Можно вообразить, с каким любопытством встретили его в Веймаре. Маленькая столица радовалась возвращению своего великого человека. Но отсутствующих, как бы велики они ни были, всегда слегка осуждают. О нём сплетничали и высказывались неблагожелательно. Кто говорил, что он принял католичество, кто обвинял его в том, что он в Риме вёл распущенную и развратную жизнь. Упрекали его за то, что он развлекается, фланирует, ни за что ни про что получая оклад тысячу восемьсот талеров, в то время как за половину этой суммы его заместители работают как вьючные животные, исполняя двойные обязанности. Словом, были рады его возвращению, но при этом прибавляли, что, впрочем, он только исполняет свой долг.
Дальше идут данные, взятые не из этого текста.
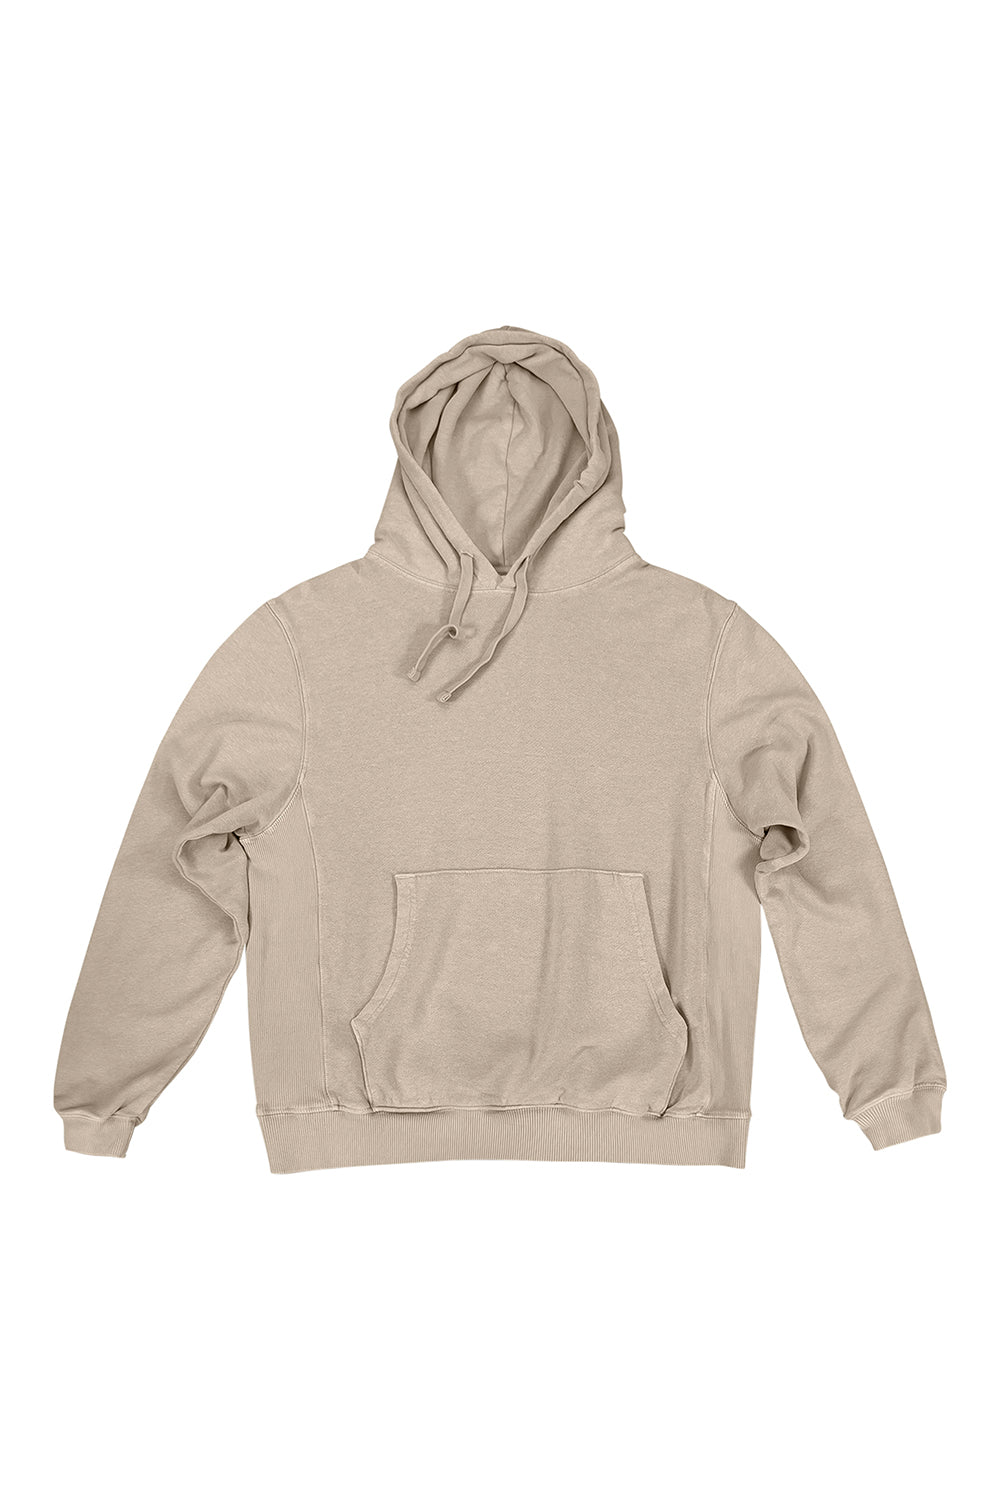 Montauk Hooded Sweatshirt | Jungmaven Hemp Clothing & Accessories / Color: Canvas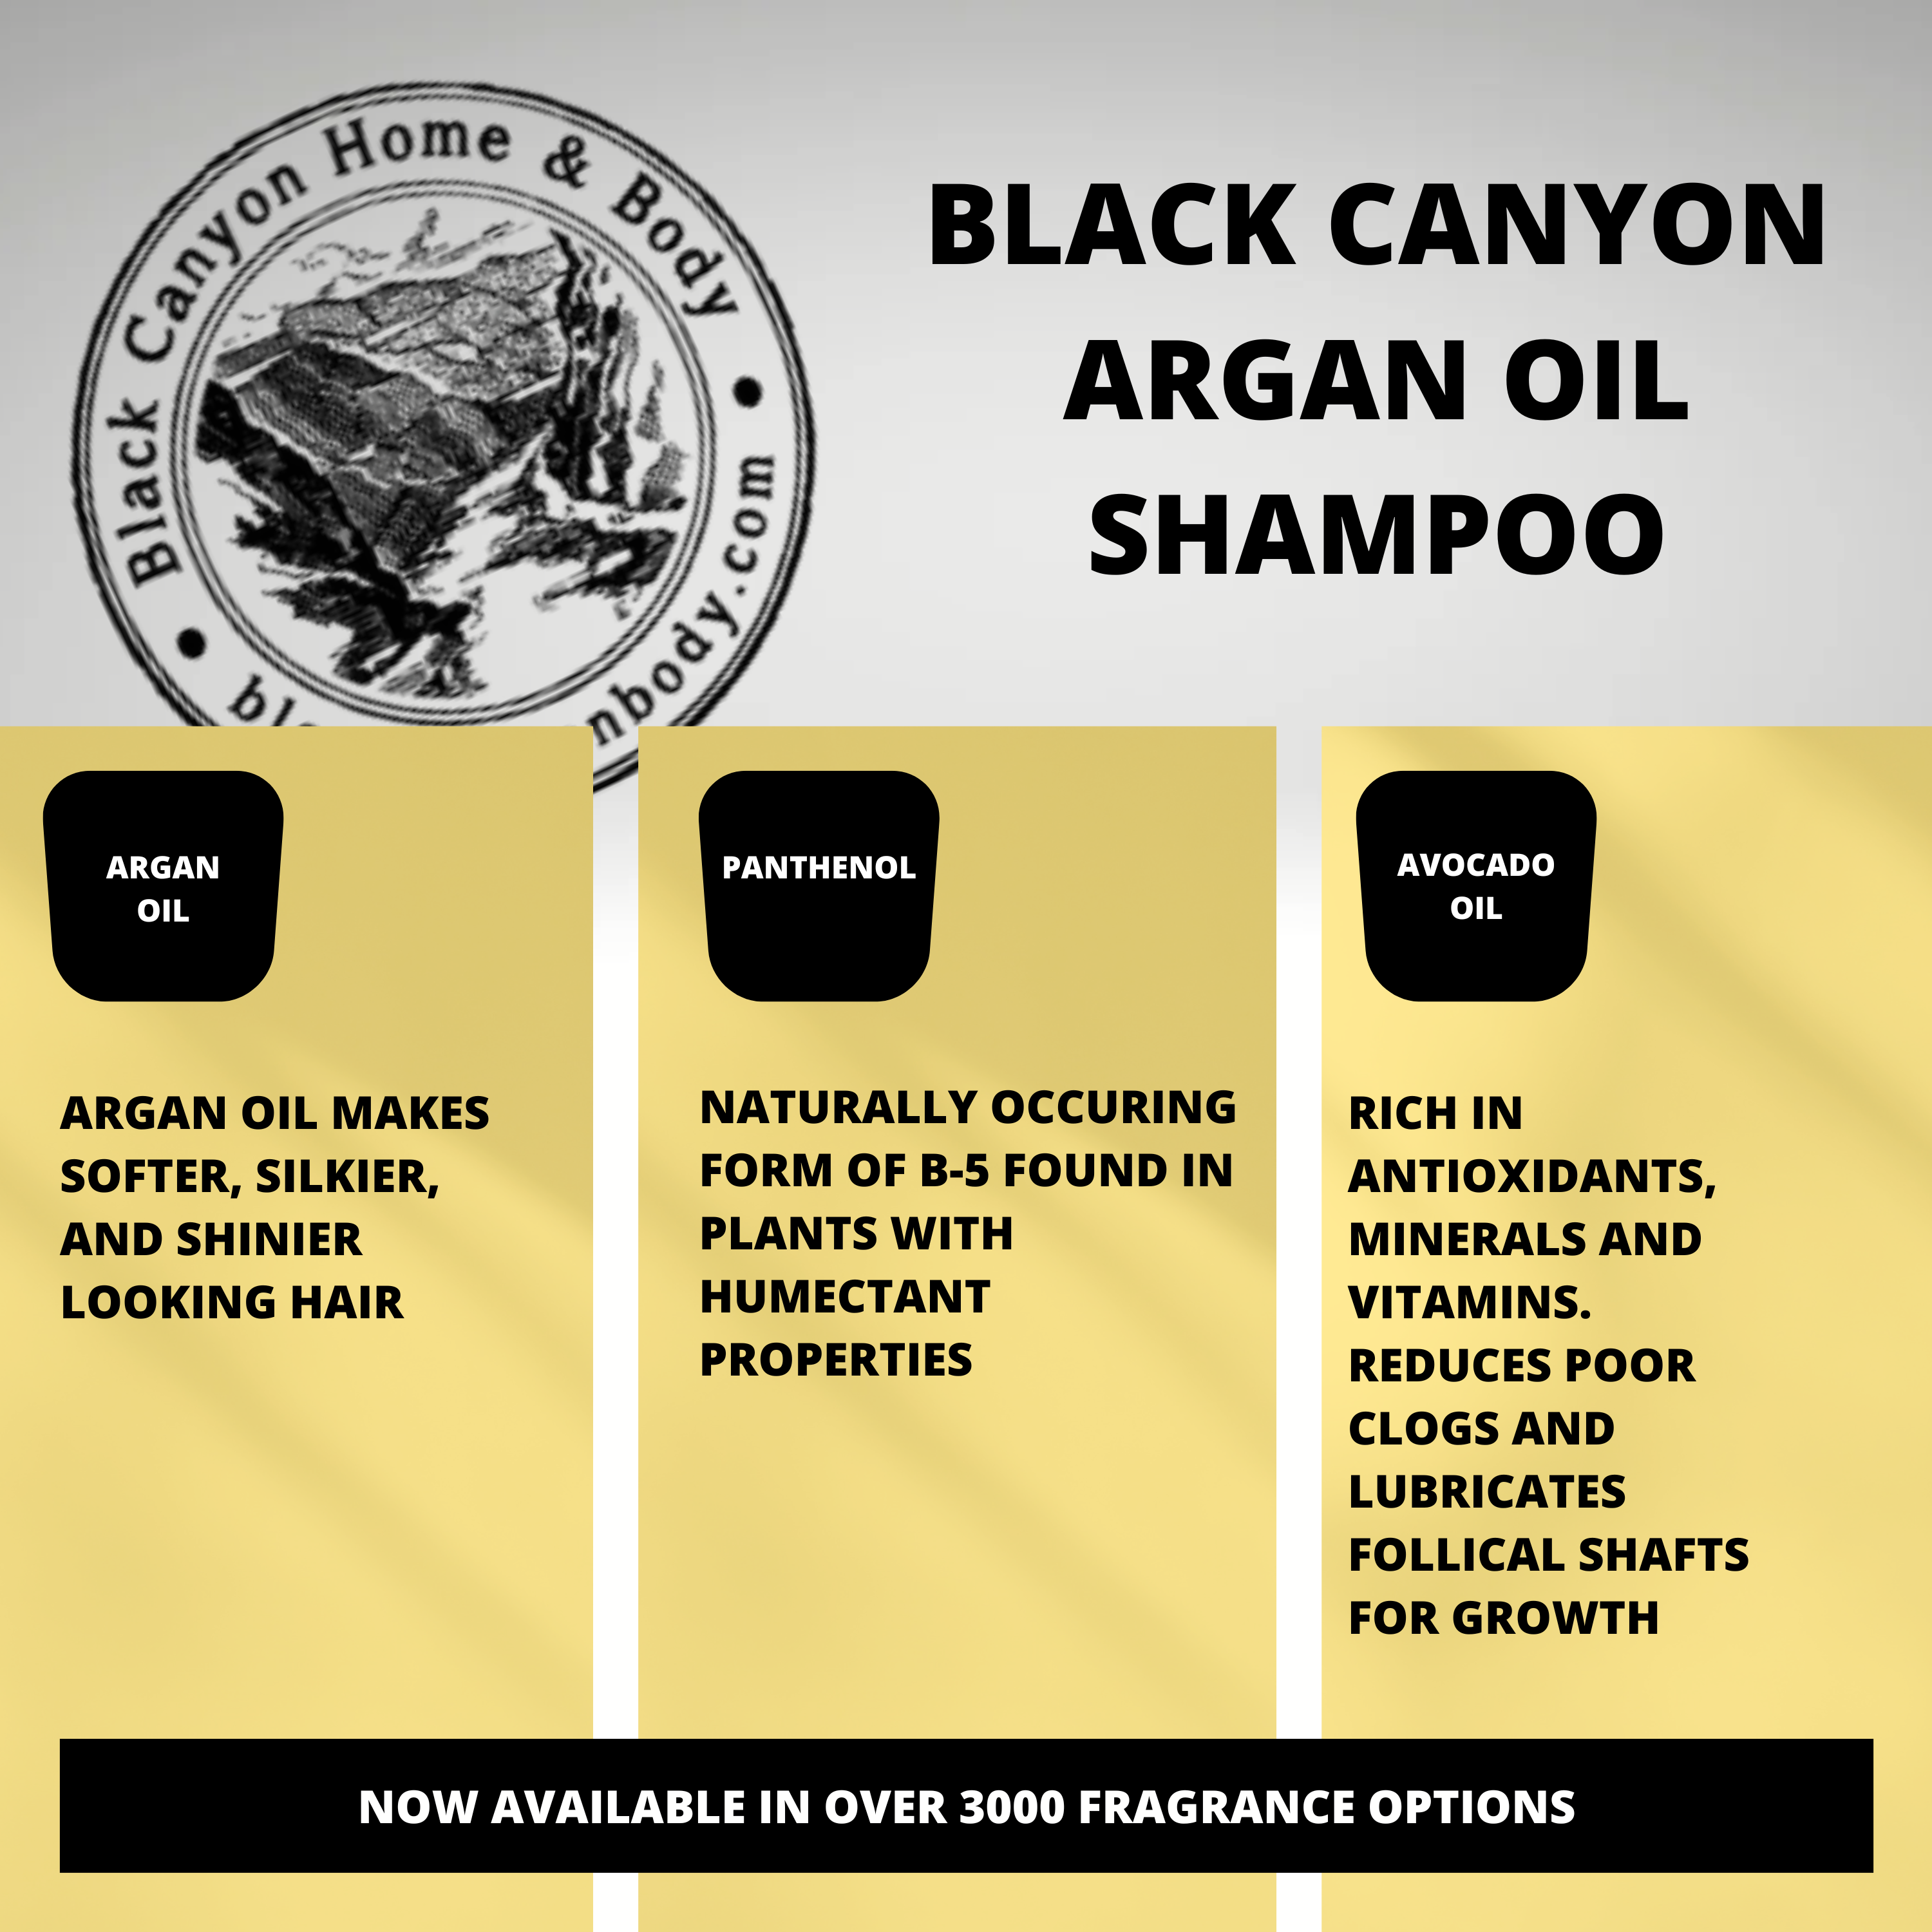 Black Canyon Black Currant & Jasmine Scented Shampoo with Argan Oil

В приёме, оказанном ему двором, Гёте почувствовал тоже большое любопытство и скрытый холодок. Госпожа фон Штейн встретила его с молчаливым недружелюбием. Озлобленный финансовыми затруднениями, Гердер был холоден и насмешлив; к тому же он месяца через полтора сам отправился в Италию. Герцогиня Амалия и фрейлина фон Гёхгаузен, которые обе поняли бы и оправдали поэта, тоже уезжали в Рим, и их отъезд ещё усилил его тоску. Герцог же был, по обыкновению, щедр и сердечен: он освободил Гёте почти от всех официальных обязанностей, оставив за ним только управление народным просвещением и искусствами, при сохранении прежнего оклада, звания и всех привилегий. Но герцог рыскал по долам и горам, занятый манёврами и смотрами, погруженный в своих гусар и кирасир, втянутый в берлинские дела и прусскую политику. Гёте мог разговаривать дружески только с Каролиной Гердер, прежней дармштадтской приятельницей. Но и та отдалялась от него постепенно под разлагающим влиянием писем мужа, мрачного завистника, полного неблагодарности и злобной язвительности.